Sobre as principais alterações introduzidas na legislação sobre o teletrabalho, Graça Quintas, Head of Employment Law da SMFC - Sousa Machado, Ferreira da Costa & Associados, alertou que existem algumas áreas de foco a ter em conta como a alteração de conceitos de teletrabalho, uma vez que já tínhamos no regime jurídico esta matéria regulada, mas a título excecional. «Houve uma extensão do regime e situações especiais de teletrabalhar, há certas categorias de trabalhadores que passaram a ter o direito a teletrabalhar por força das suas circunstâncias, familiares, entre outras, há novas exigências formais e de conteúdo no acordo de teletrabalho, há regras novas na utilização de equipamentos e sistemas que permitem o exercício do teletrabalho, bem como um regime novo de pagamento de despesas.

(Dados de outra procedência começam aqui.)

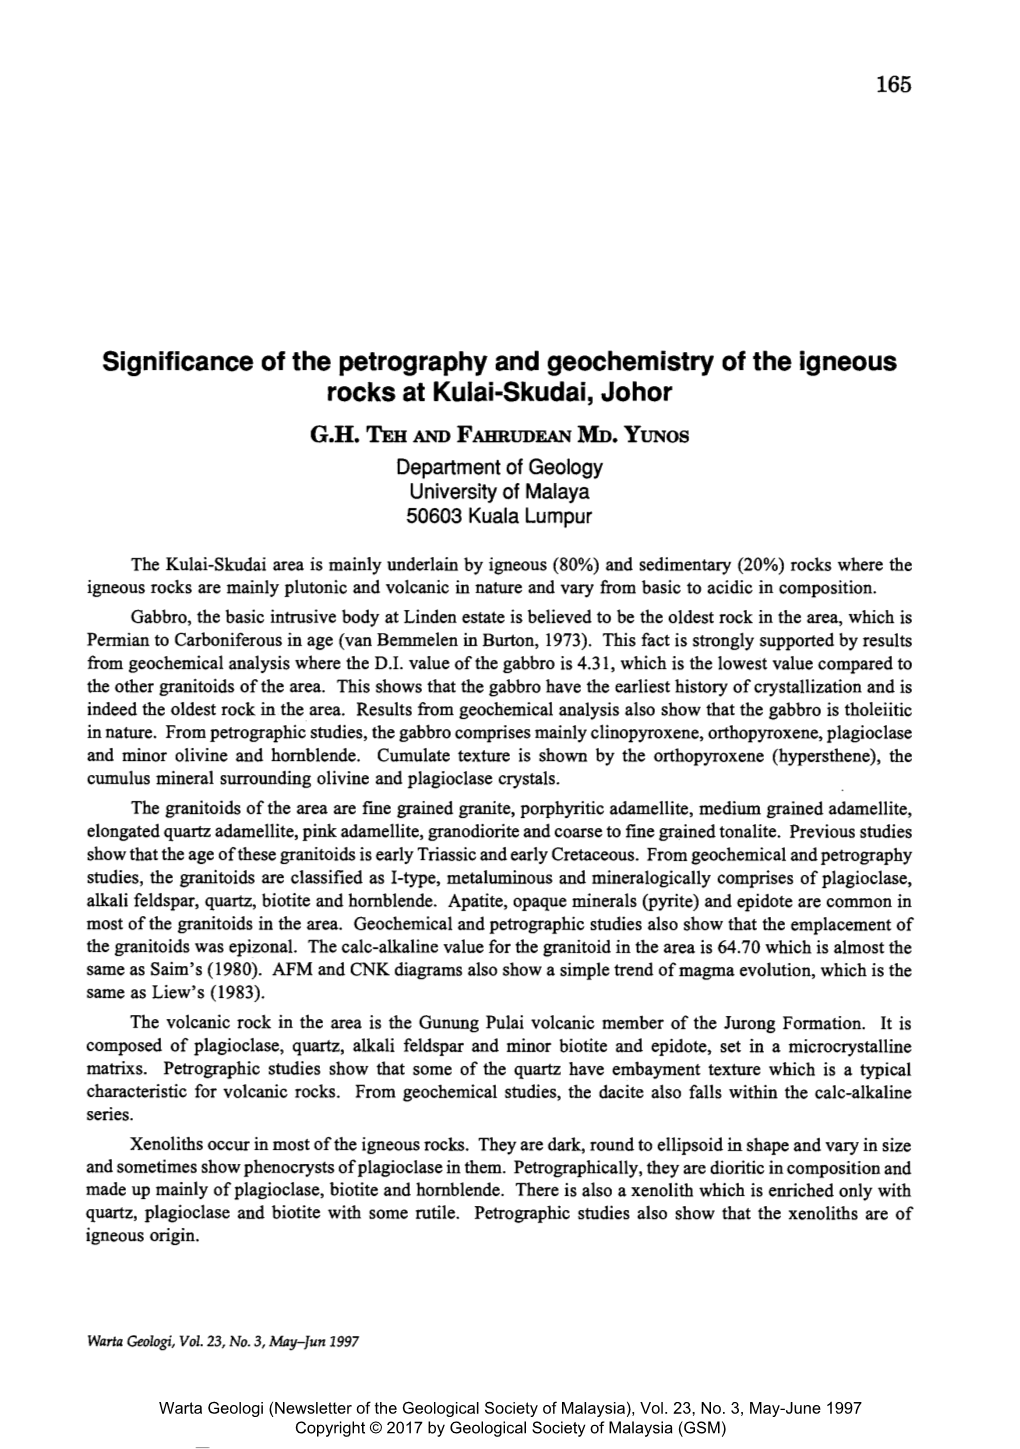 Significance of the Petrography and Geochemistry of the Igneous Rocks at Kulai-Skudai, Johor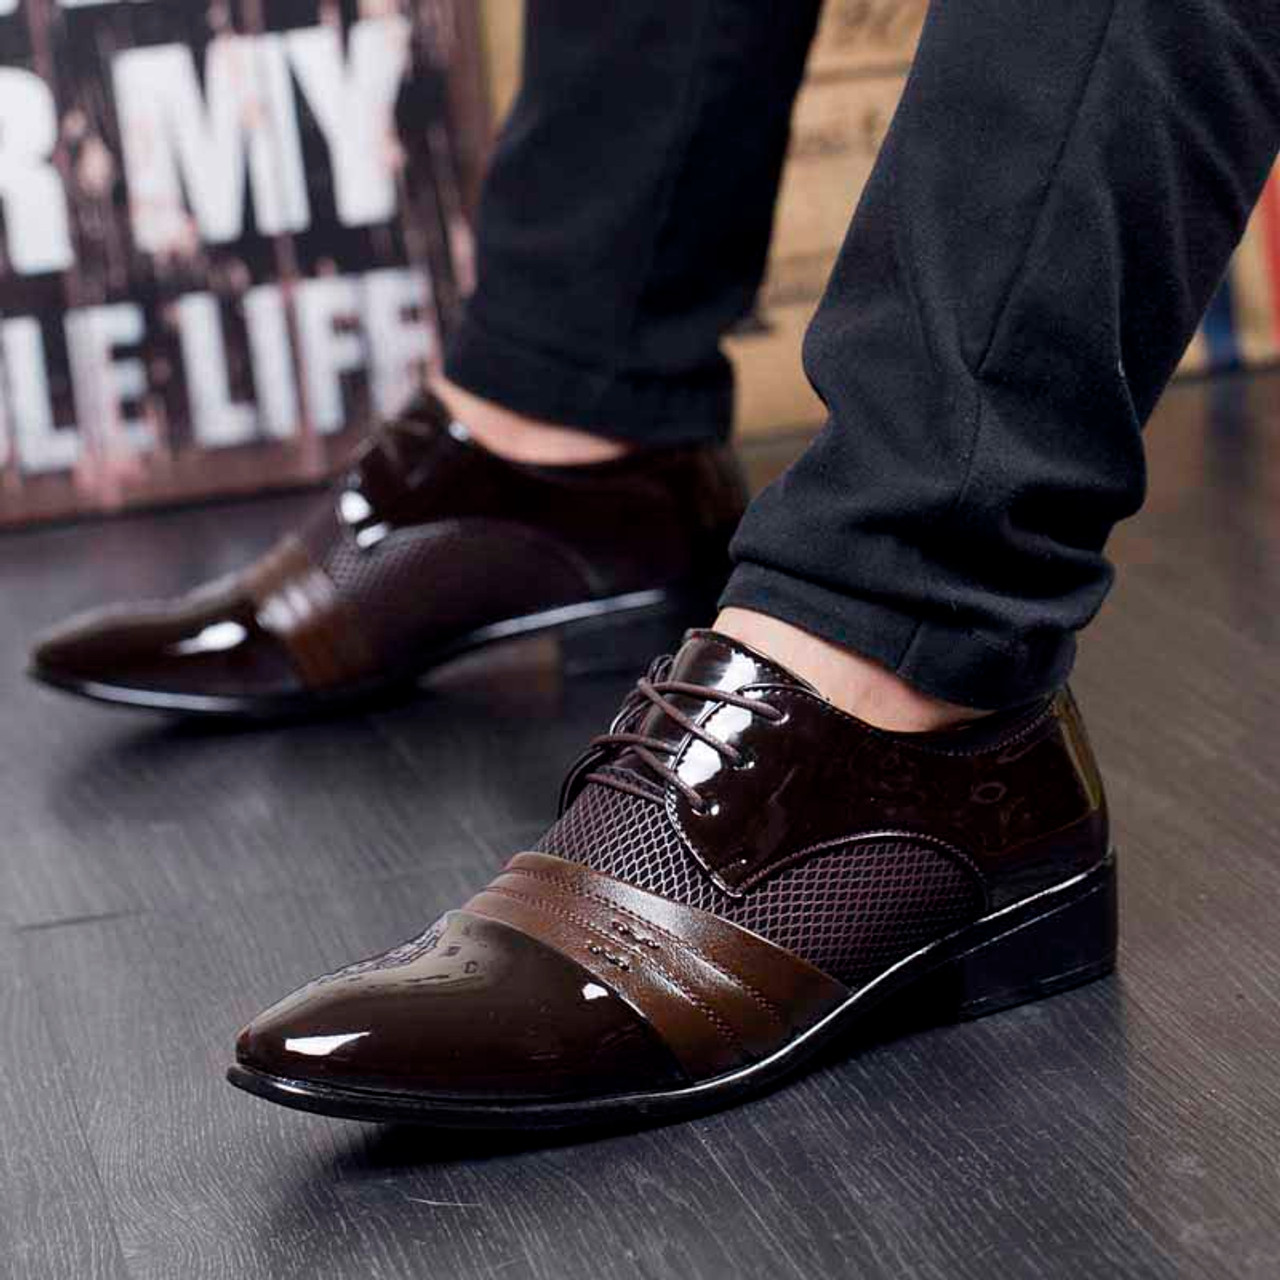 Brown check pattern leather derby dress shoe | Mens dress shoes online ...

Há ainda outro ponto que tem a ver com a igualdade de direitos de teletrabalhadores e trabalhadores em regime presencial, que segundo a lei têm os mesmos direitos, em questões como a privacidade, segurança e higiene no trabalho, de sinistralidade, etc.»

 

Graça Quintas lembrou ainda que se trata de um regime que pressupõe sempre o acordo entre empregador e trabalhador e que, por exemplo, «embora o trabalhador tenha alguns direitos que lhe permitam por à consideração do empregador a localização desse teletrabalho, a verdade é que não é só ele a decidir unilateralmente».

 

Sobre as despesas, o código passou a dizer que o empregador tem a obrigação de compensar integralmente as despesas adicionais que forem comprovadas, através de faturas, e que sejam uma direta consequência da aquisição e uso de equipamentos. «Só contam os custos que sejam um acréscimo aos custos habituais e que o trabalhador passou a ter por estar em teletrabalho e que sejam compatíveis com as necessidades do serviço», concluiu.

 

Outro tema de análise foram as preocupações para garantir a segurança dos dados, exacerbada com as regras do RGPD, bem como a obrigação de disponibilizar o acesso de estruturas sindicais aos sistemas informáticos que suportam a atividade dos Contact Centers.

 

Sobre este tema, João Santos Tavares, Chief Human Resources Officer na Teleperformance Portugal, adiantou que é fundamental que os colaboradores tenham acesso a toda e qualquer informação. «Não passa, naturalmente, pelo acesso das estruturas sindicais aos nossos sistemas, porque isso do ponto de vista de RGPD não é possível e de segurança não estamos autorizados a fazê-lo. O teletrabalho não vai inibir qualquer partilha de comunicação das estruturas sindicais e o contacto com os trabalhadores.»

 

Ainda em relação à segurança dos dados, Rui Henriques, CEO da RHmais, e Pedro Empis, Executive Business Director da Randstad, foram da opinião que o receio que havia relativamente à segurança de informação e ao aumento de situações de fraude não foram expressivos. A experiência veio demonstrar que era um conjunto de receios que acabaram por não se materializar, tendo havido, no entanto, uma aposta num conjunto de sistemas de monitorização e em softwares mais evoluídos. 

 

Neste webinar foram também debatidos o direito aos períodos de descanso, o direito a desconectar-se e o dever do empregador em não contactar o trabalhador fora do horário de trabalho.  Tudo para criar um maior respeito pelo conjunto de regras que contribuem para uma maior conciliação entre a vida pessoal e profissional.